Allow Stream's `repeat` option to cycle through entire dataset before repeating, when `shuffle=True`
🚀 Feature Request
I am using the repeat option when creating a stream, i.e. Stream(repeat=2) in addition to random shuffle, i.e. StreamingDataset(shuffle=True). It appears that there is no constraint about surfacing every sample once before repeating, that is, the ideal before for my use case is going through every sample once in a shuffled manner before starting to see a sample a second time. Is there already some way to achieve this behavior, and if not, would it be possible to add?
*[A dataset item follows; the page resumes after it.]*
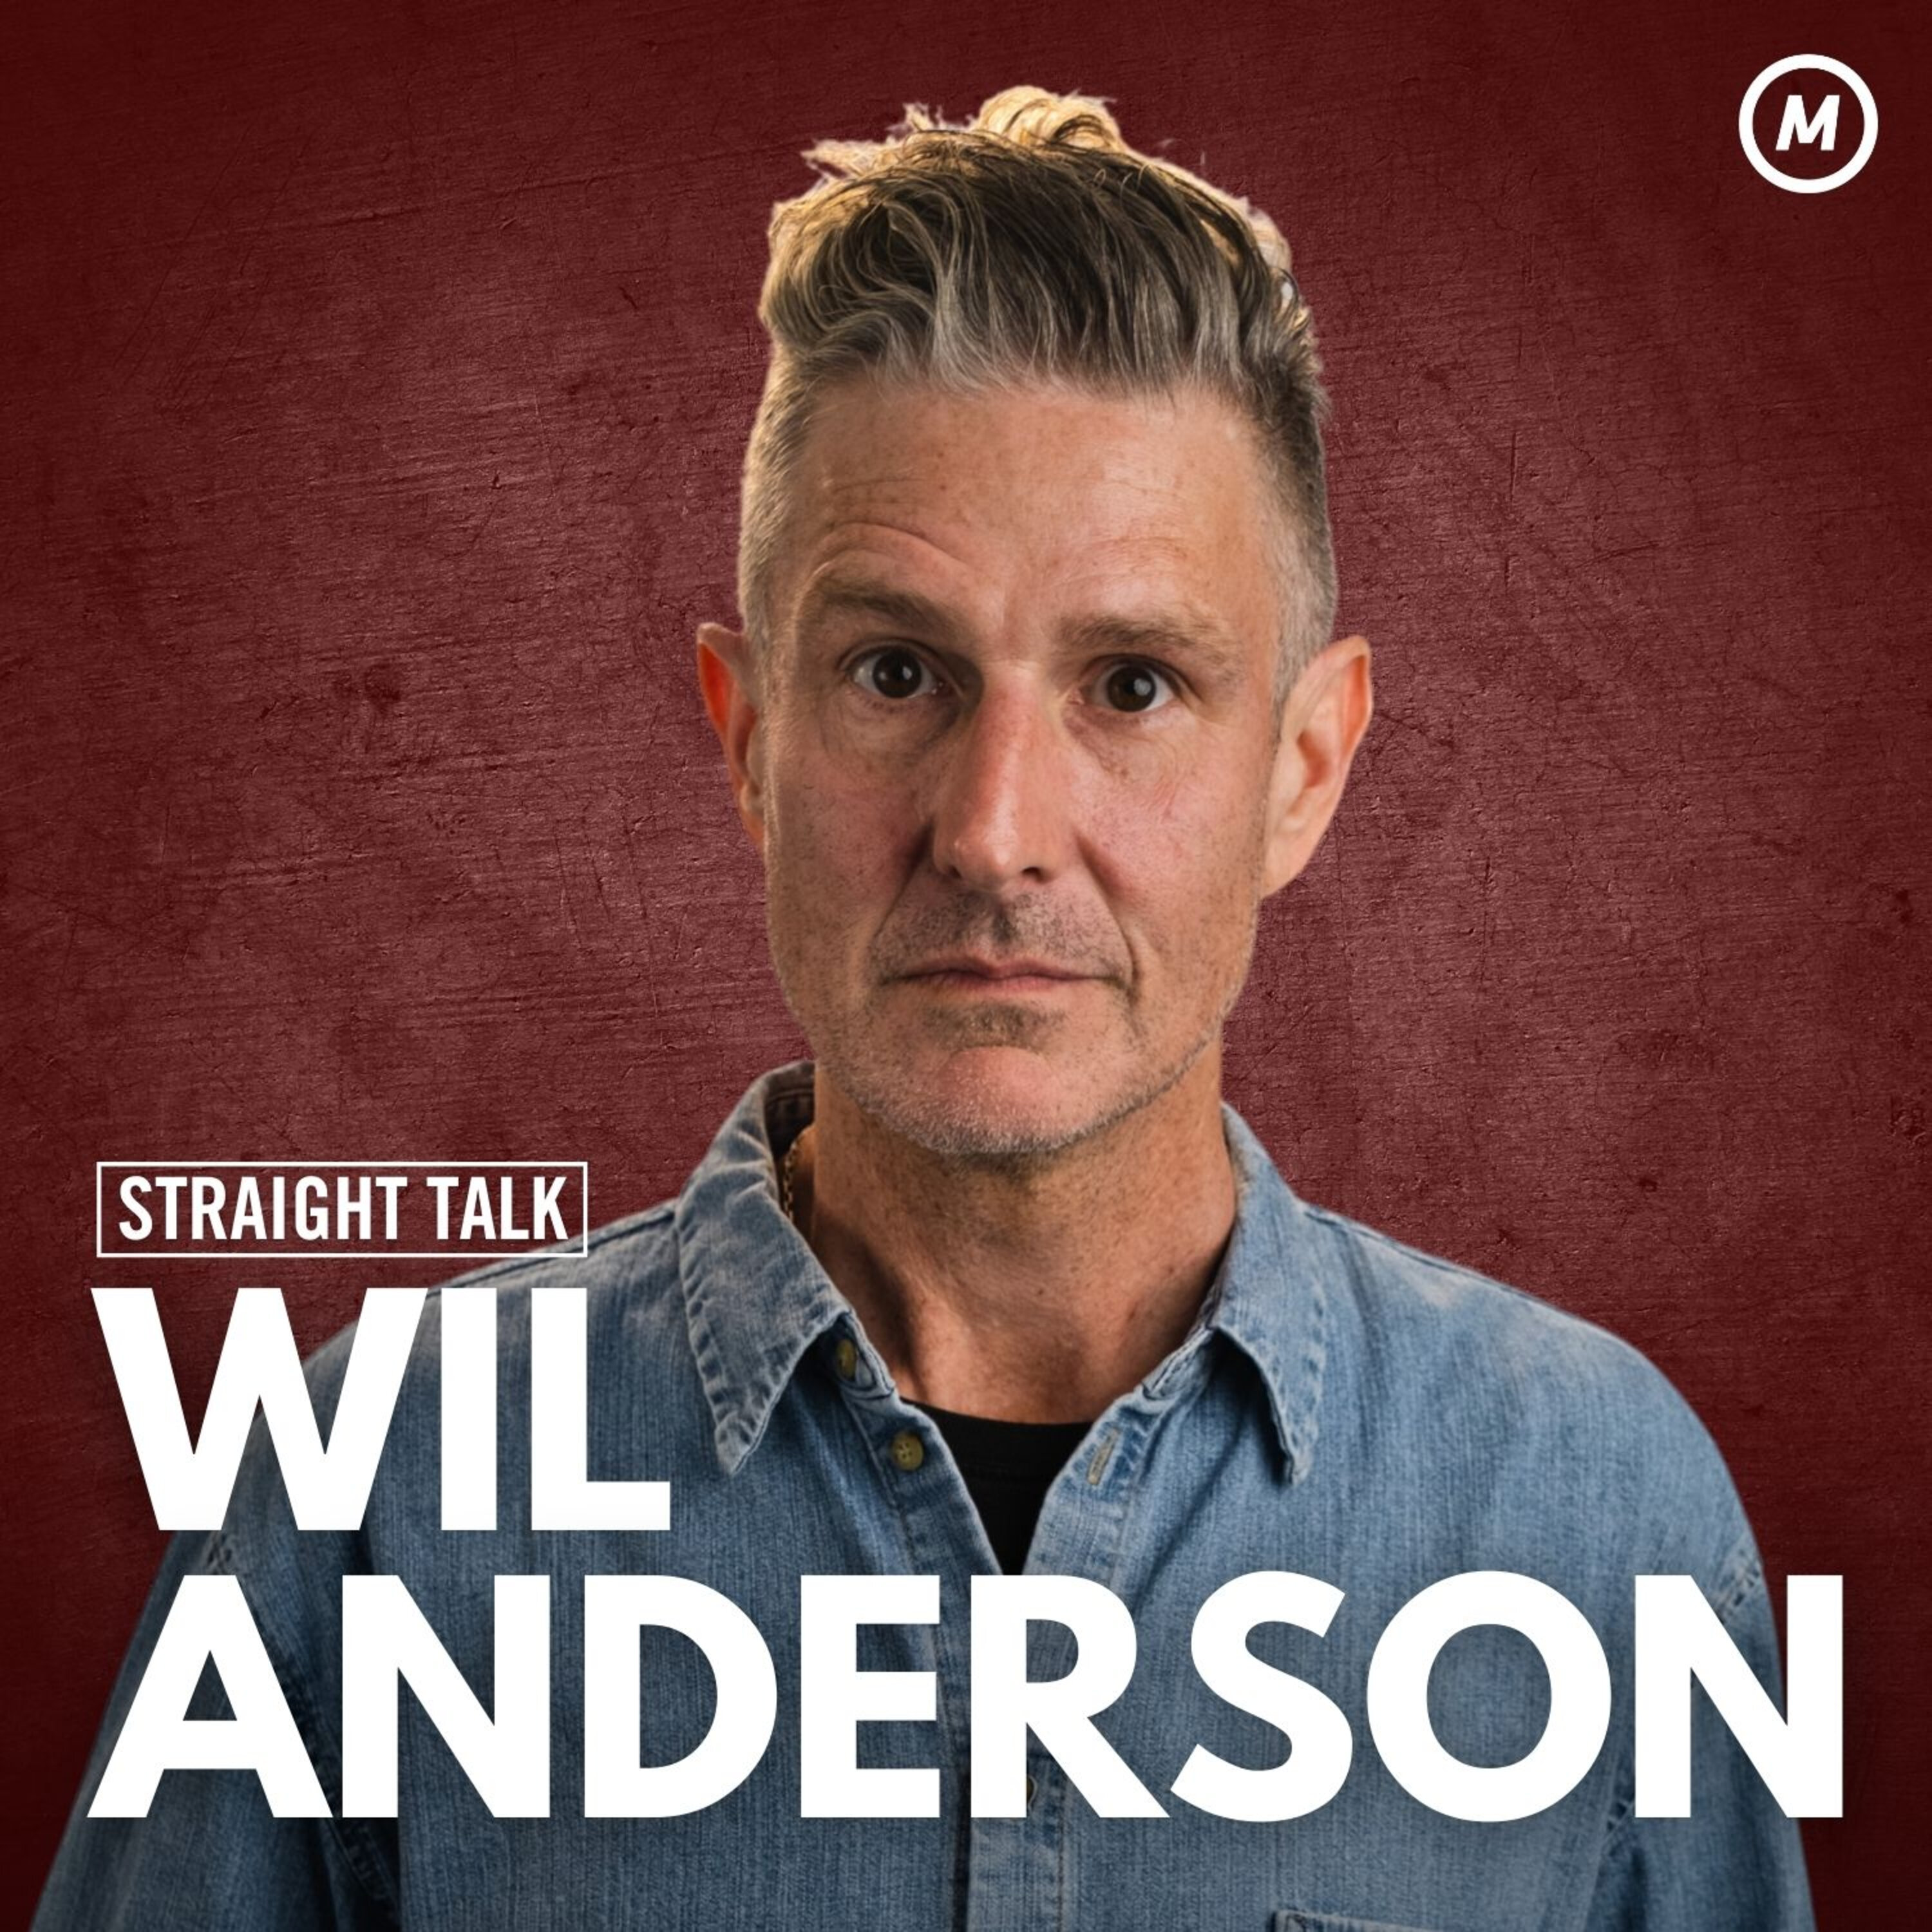 #53 Comedian Wil Anderson: I don’t have confidence but I do things anyway

Thanks!
Motivation
For various reasons I am constructing datasets that should have samples duplicated a certain number of times, but each sample should be seen once before any are seen a second time.
[Optional] Implementation
Additional context
@m-harmonic Does keeping repeat=1 and iterating over multiple epoch helps in anyway? Or are you using multiple streams and each stream have >= 1 repeat?
@karan6181 Yes exactly, we do have cases where we have multiple streams some of which have multiple repeats. Separately we are also experiencing a problem that is forcing us to train within a single epoch, so duplicating the data within one epoch is the workaround we're trying to use. Do you think there is a possible fix, or an easy solution?
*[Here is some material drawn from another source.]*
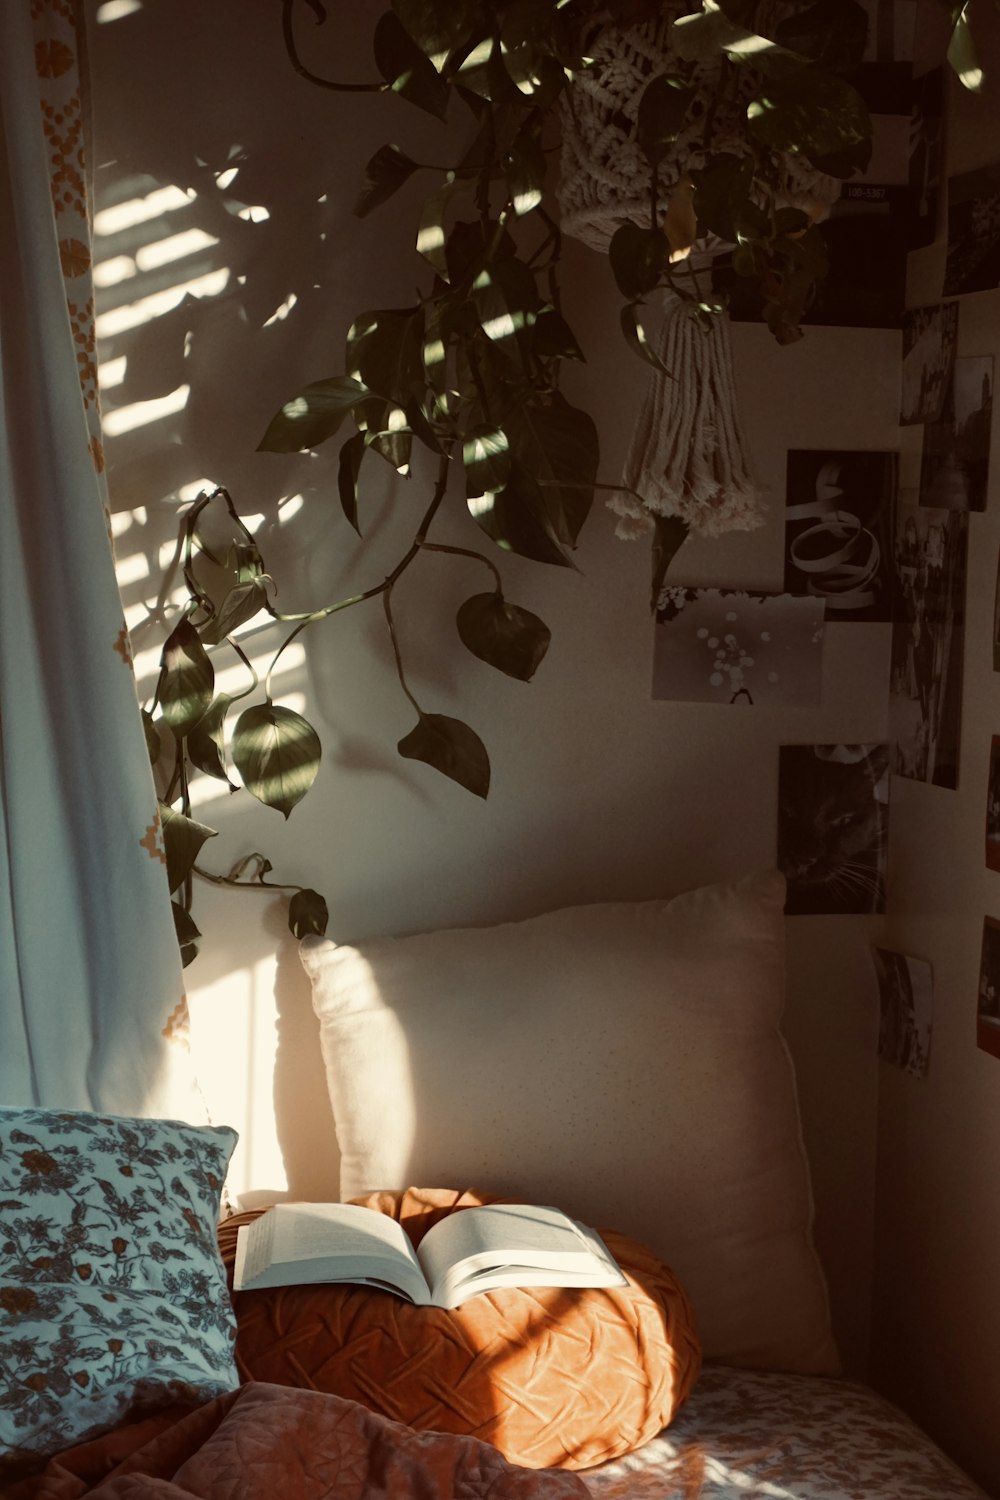 a bed with a book on top of it next to a window

Hey, @m-harmonic, thanks for the clarification. Unfortunately, we don't support that use case at the moment. I wonder why you care each sample should be seen once before any are seen a second time? Have you tried our new shuffling algorithm py1e and py1br, which provides excellent shuffle quality? I doubt that you will see any convergence issues with sample ordering. I recommend using our new streaming simulator to find the correct set of hyperparameters for the best performance.
@m-harmonic Can you also explain why you would want the repeated samples to show up after going through the original dataset? Can you please share your use case and what exactly you are trying to do? Thanks!
@m-harmonic Gentle reminder on the above question.